Bob was reading it when I fell asleep, so he will likely send you comments today too, comments more philosophically sophisticated than mine.  The article is interesting for sure,  and some of his comments about animal cruelty at the hands of humans seem, surprisingly, new to me.   Surprisingly because when I read them they seem obvious.

I do not believe the author is serious in his suggestion that we might try to eliminate carnivores from the planet.
So why does he explore the idea? I guess to explore the outer limits of the observation that

Our own form of predation is of course more refined than those of other meat-eaters,
who must capture their prey and tear it apart as it struggles to escape.  We instead employ
professionals to breed our prey in captivity and prepare their bodies for us behind a veil of
propriety, so that our sensibilities are spared the recognition that we too are predators…

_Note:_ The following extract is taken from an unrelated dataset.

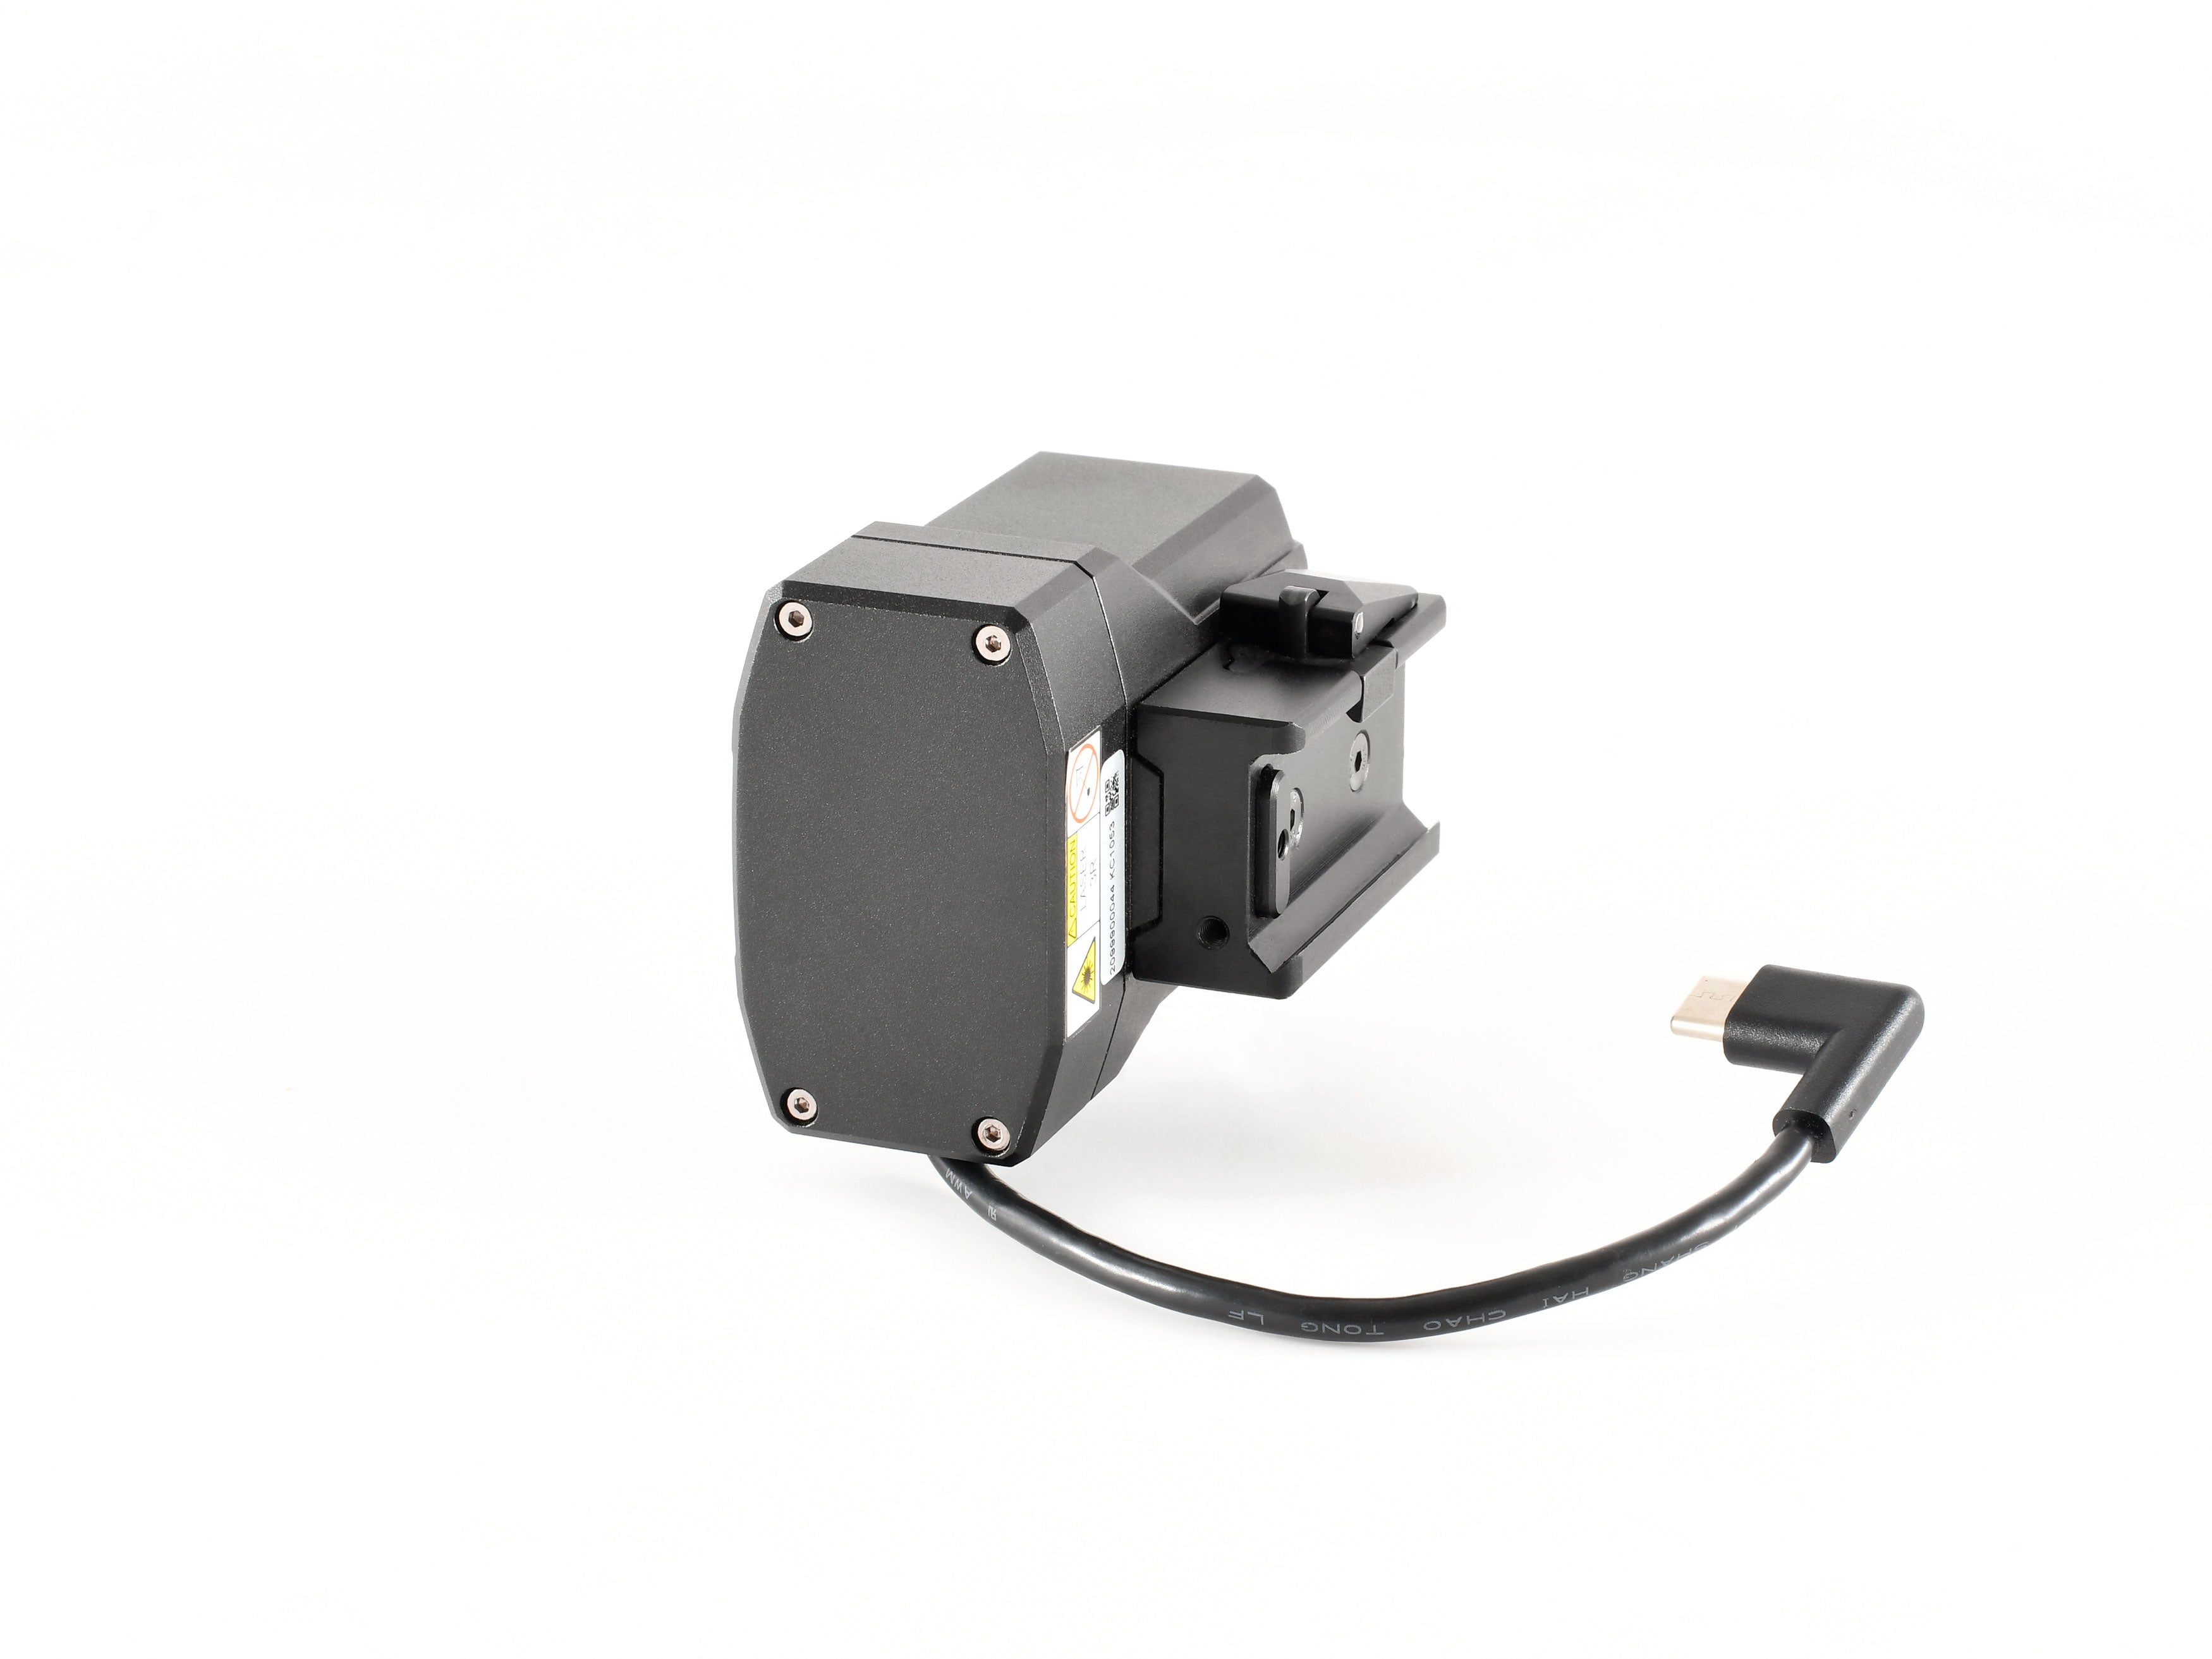 InfiRay Outdoor ILR-1000 Infrared Laser Rangefinder Module for MK1 Models

I think he cannot be serious, not because it would be “playing God” (his second response to that
accusation is good enough for me) but because it simply makes no practical sense.  (I can speak more to
that upon request but my guess is that you agree.)

Or maybe he explores the idea of eliminating carnivorous species as a way of mocking the arguments that I do take seriously,
The main one (to me) being

The reality behind the veil is, however, far worse than that in the natural world.  Our factory
farms, which supply most of the meat and eggs consumed in developed societies, inflict a lifetime
of misery and torment on our prey, in contrast to the relatively brief agonies endured by the victims
of predators in the wild.  From the moral perspective, there is nothing that can plausibly be said in
defense of this practice.

And this, for me, is the crux of the matter.  We cannot eliminate suffering from the world, but we should not contribute to it unnecessarily.   And factory farming is unnecessary.  (I would go further and say eating animals is unnecessary, but that argument is not necessary for this particular point and might lead us toward than infamous tangent.)

Your thoughts?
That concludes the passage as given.